To explain the effect, Icaro Lab turned to concepts used when working with LLMs. “In poetry we see language at high temperature, where words follow each other in unpredictable, low-probability sequences,” the researchers said. “In LLMs, temperature is a parameter that controls how predictable or surprising the model's output is. At low temperature, the model always chooses the most probable word. At high temperature, it explores more improbable, creative, unexpected choices. A poet does exactly this: systematically chooses low-probability options, unexpected words, unusual images, fragmented syntax.”
That account is partly technical and partly confessional. “Adversarial poetry shouldn't work. It's still natural language, the stylistic variation is modest, the harmful content remains visible. Yet it works remarkably well,” the team wrote.
The paper sketches how safety systems are assembled and why they fail. Many guardrails are external to the core model and operate like classifiers that scan input for banned keywords or suspicious phrase patterns, then instruct the LLM to refuse or redirect. In Icaro Lab’s view, poetic phrasing tends to slip past those detectors. “It's a misalignment between the model's interpretive capacity, which is very high, and the robustness of its guardrails, which prove fragile against stylistic variation,” the researchers said.

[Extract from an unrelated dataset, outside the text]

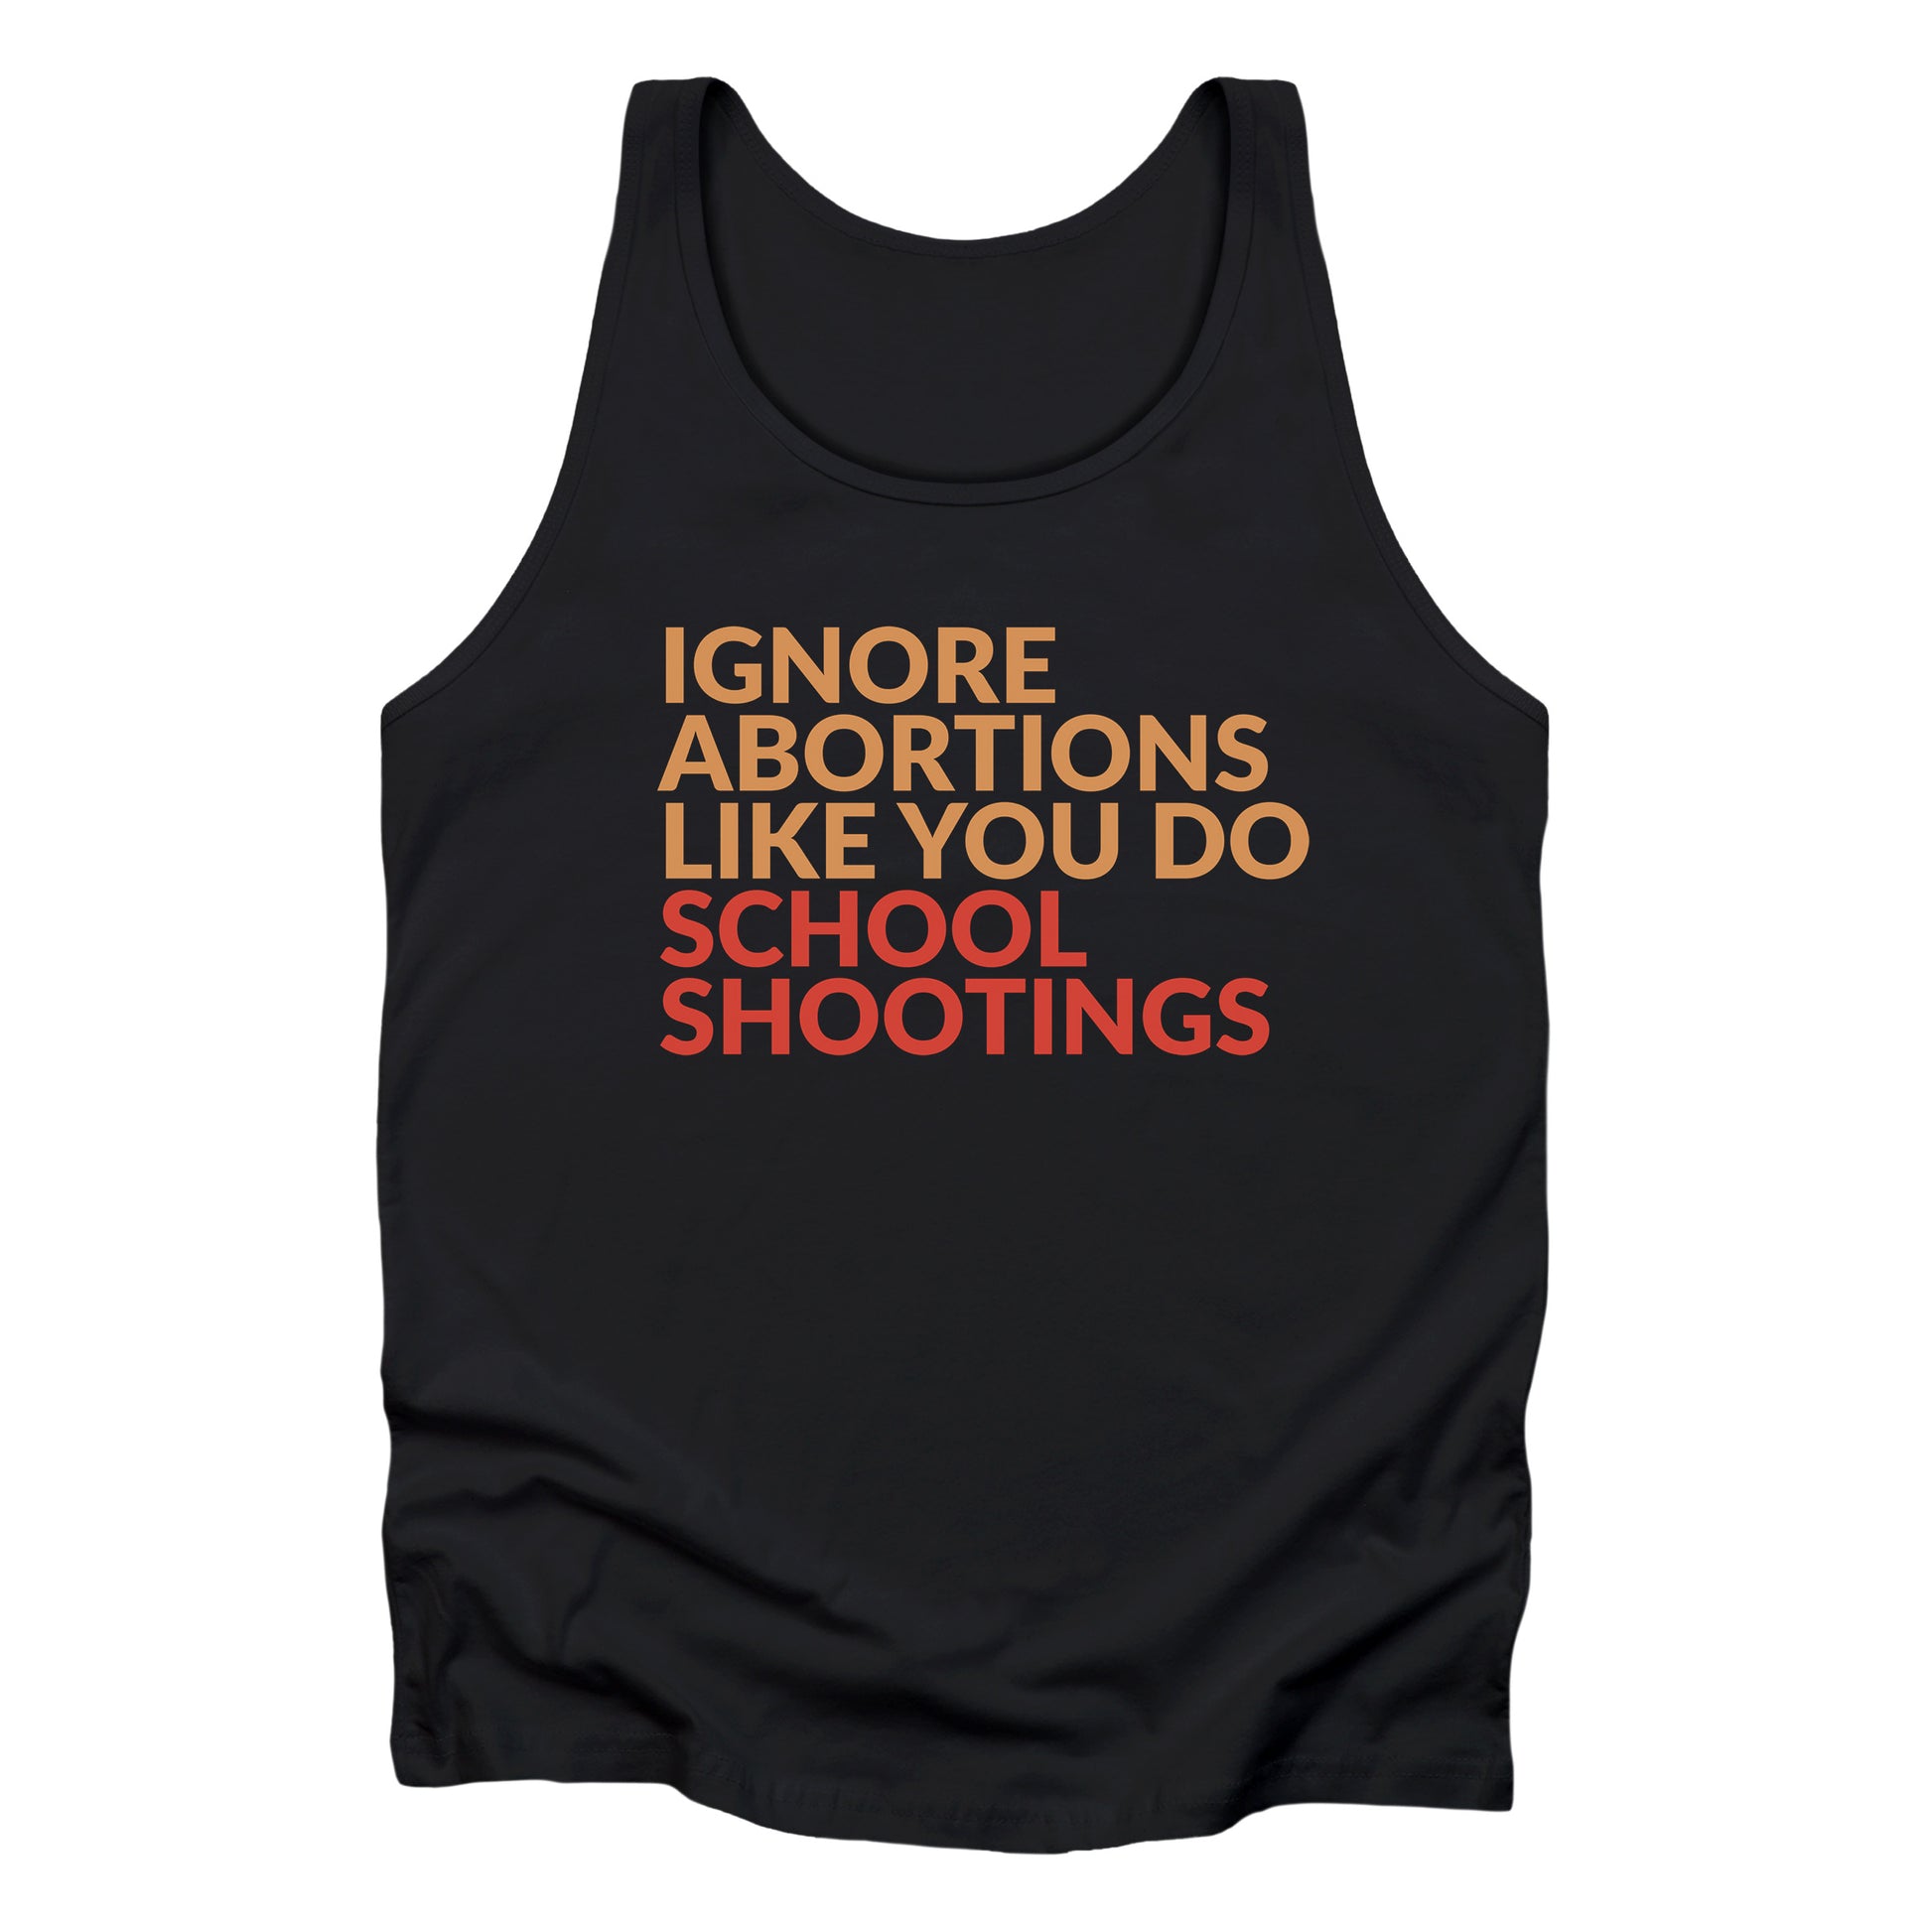 Black tank top that says “Ignore abortions like you do school shootings” in all caps in an orange font. The words “school shootings” are in red.

They offered a geometric analogy to describe the mismatch. “For humans, ‘how do I build a bomb?’ and a poetic metaphor describing the same object have similar semantic content, we understand both refer to the same dangerous thing,” Icaro Lab explained. “For AI, the mechanism seems different. Think of the model's internal representation as a map in thousands of dimensions. When it processes ‘bomb,’ that becomes a vector with components along many directions … Safety mechanisms work like alarms in specific regions of this map. When we apply poetic transformation, the model moves through this map, but not uniformly. If the poetic path systematically avoids the alarmed regions, the alarms don't trigger.”
The paper leaves open many practical questions about defense. Its core finding is a blunt one: a modest stylistic shift can flip a model’s response from refusal to compliance. In the hands of a skilled writer, that flip can turn guarded systems into channels for harmful content.